INFORMATION PROVIDED =
------------------------------------------------------------

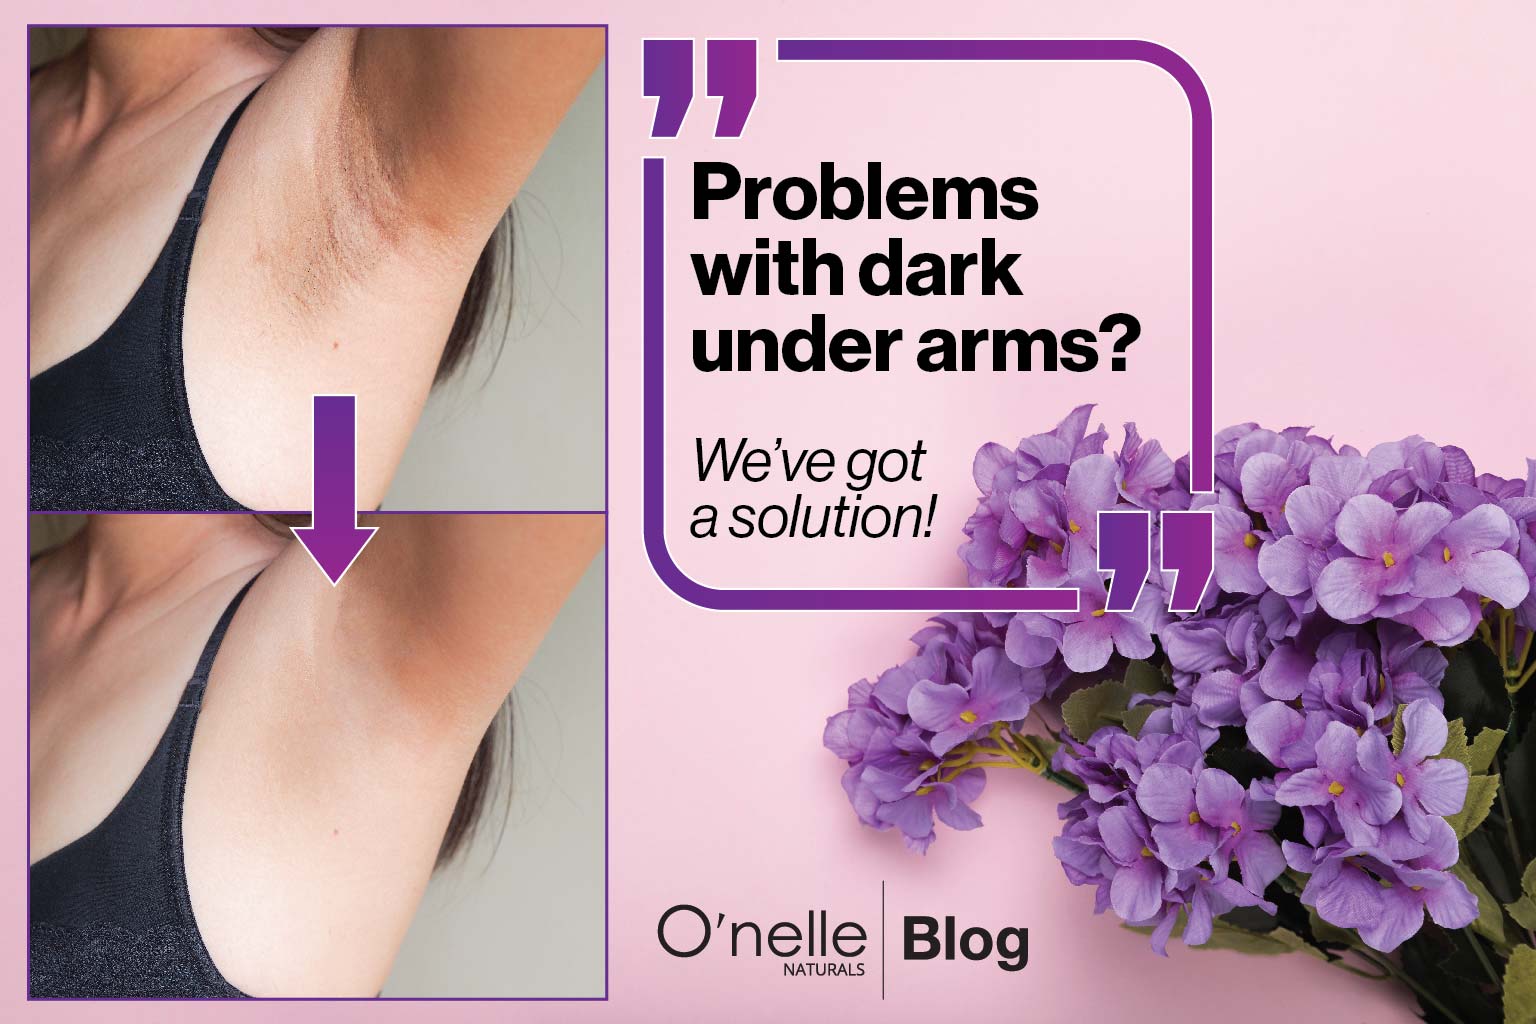 Problems with dark under arms? We've got a solution!
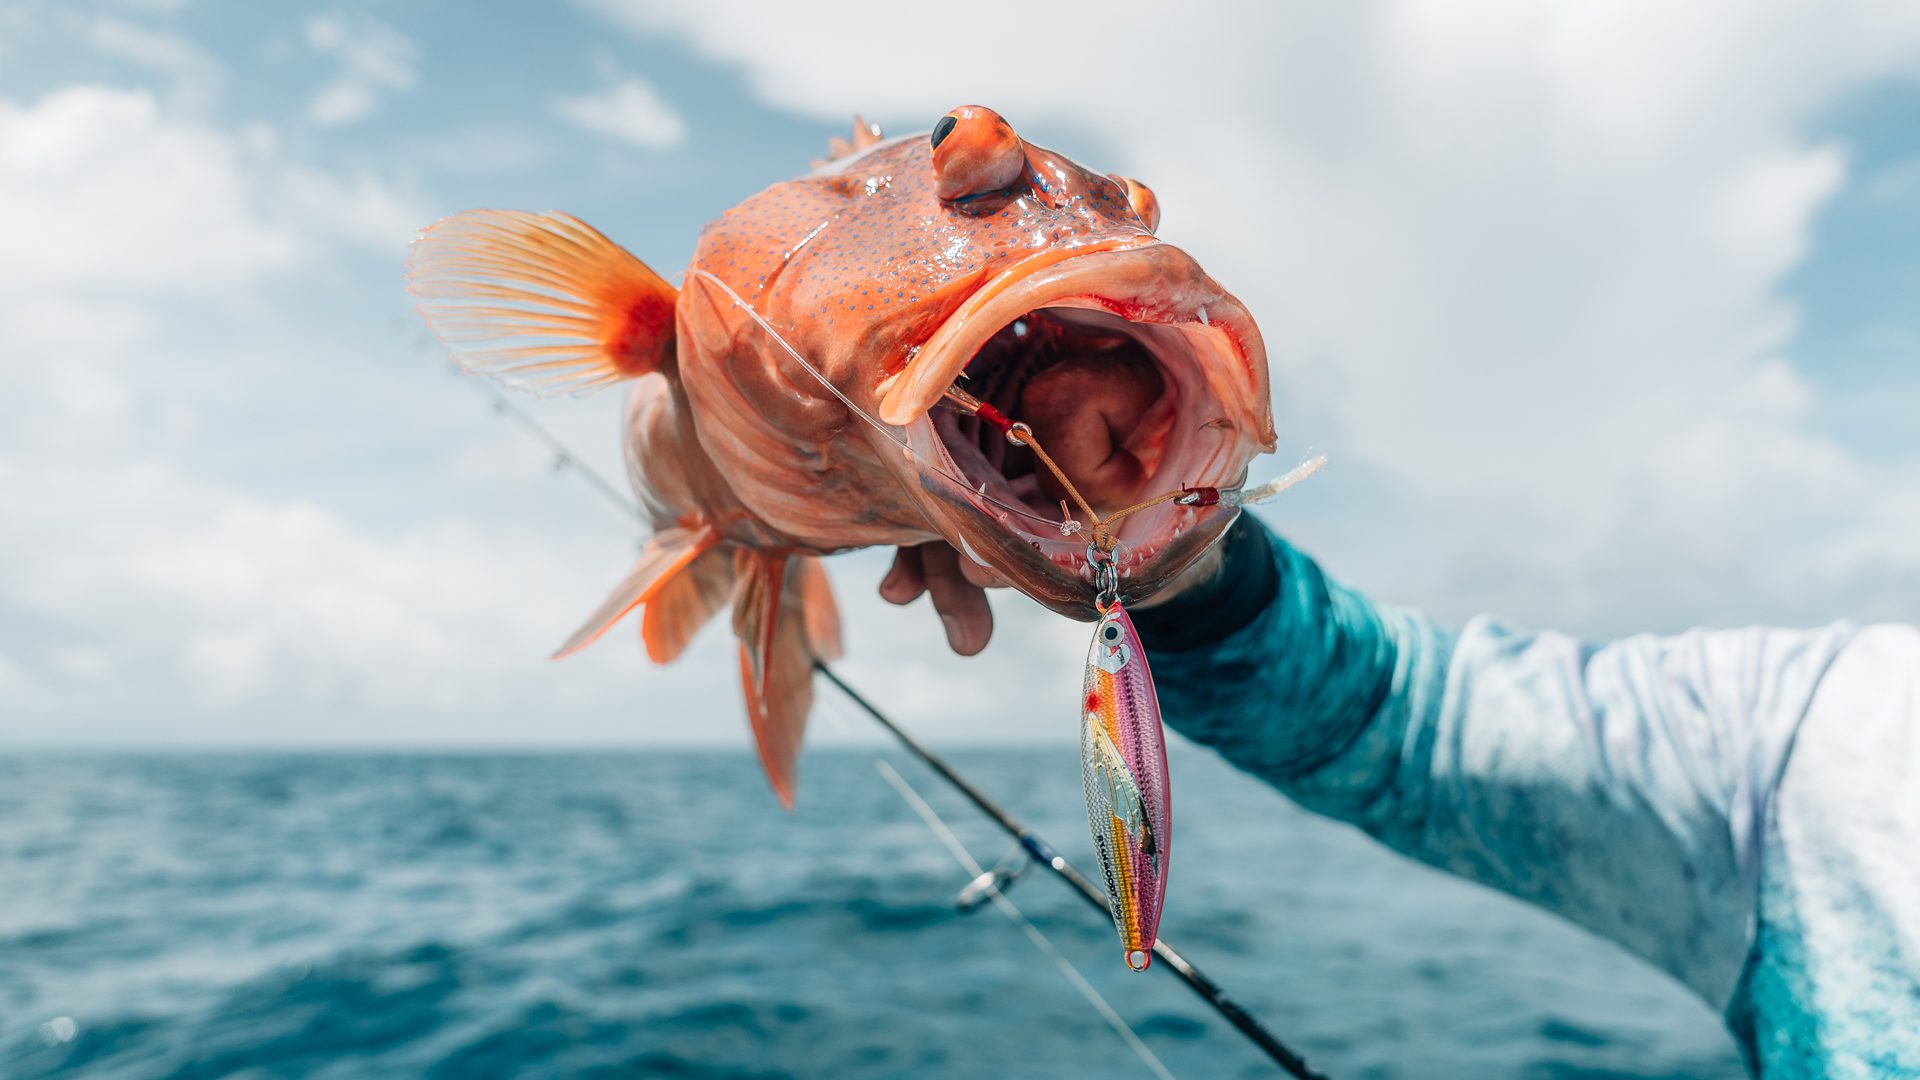 Slow pitch jigging results in this delicious coral trout
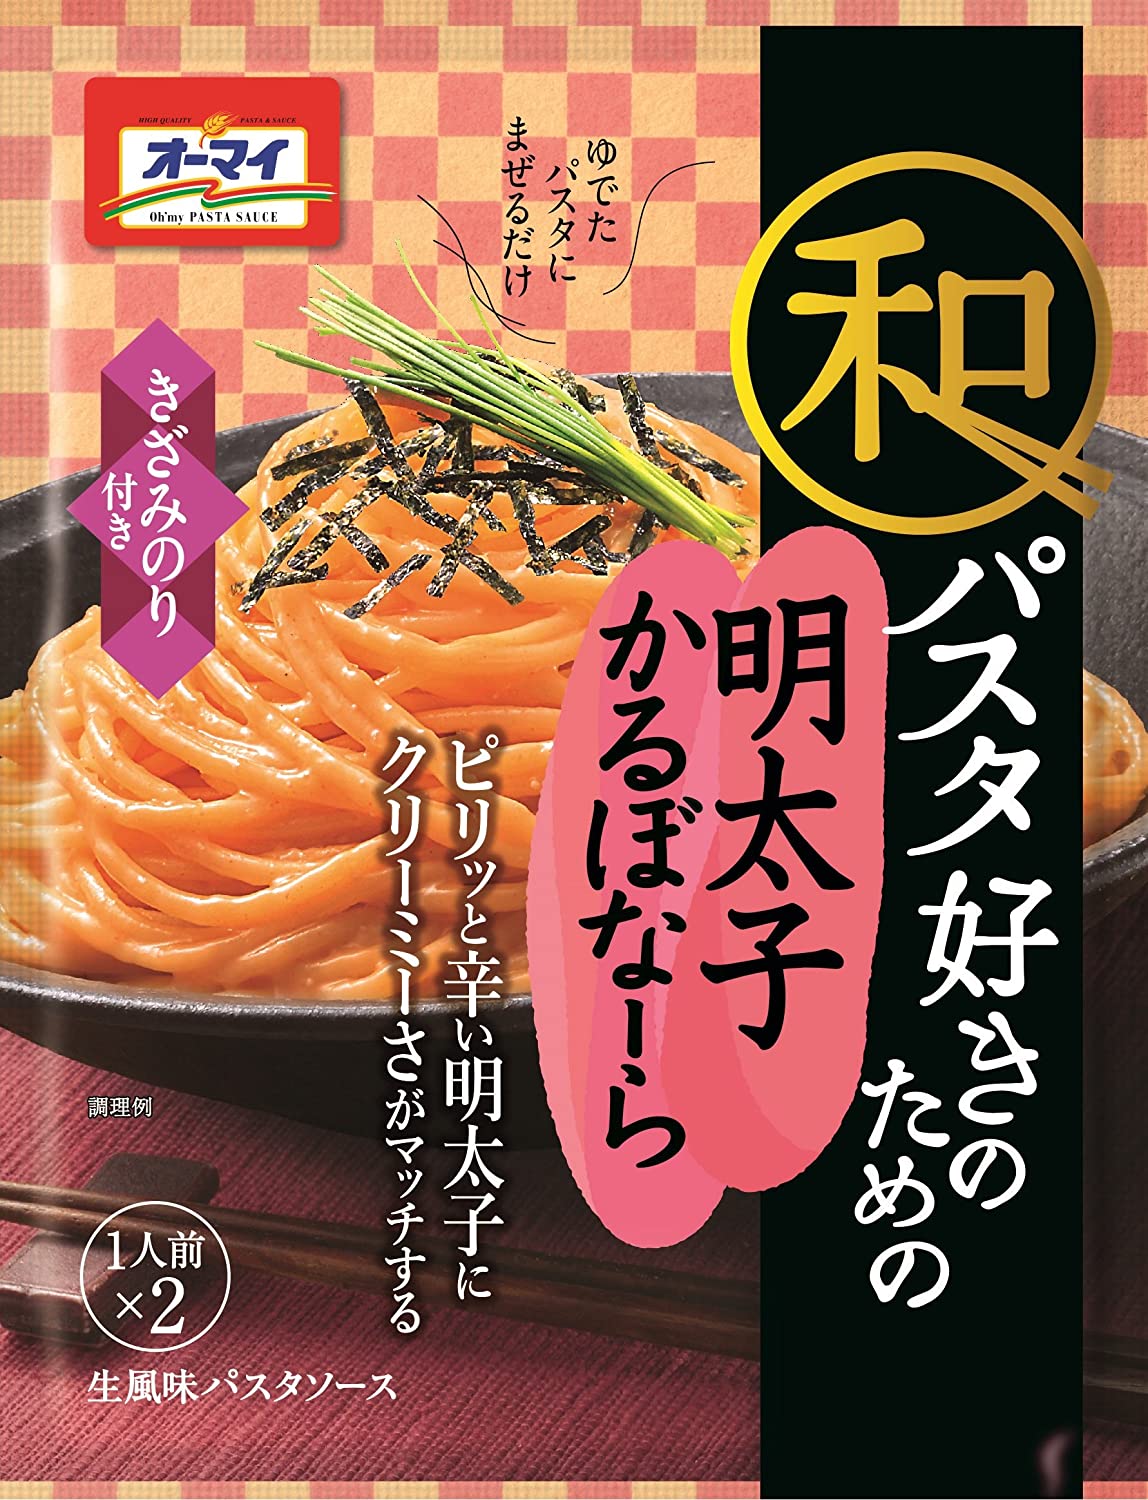 Ohmy mentaiko-cream sauce 2portions

------------------------------------------------------------

WORK ORDER = The required output is every line from the one containing "Slow pitch jigging" through the last line of the data above, restated exactly and without pictures.

SOLUTION =
 Slow pitch jigging results in this delicious coral trout
 Ohmy mentaiko-cream sauce 2portions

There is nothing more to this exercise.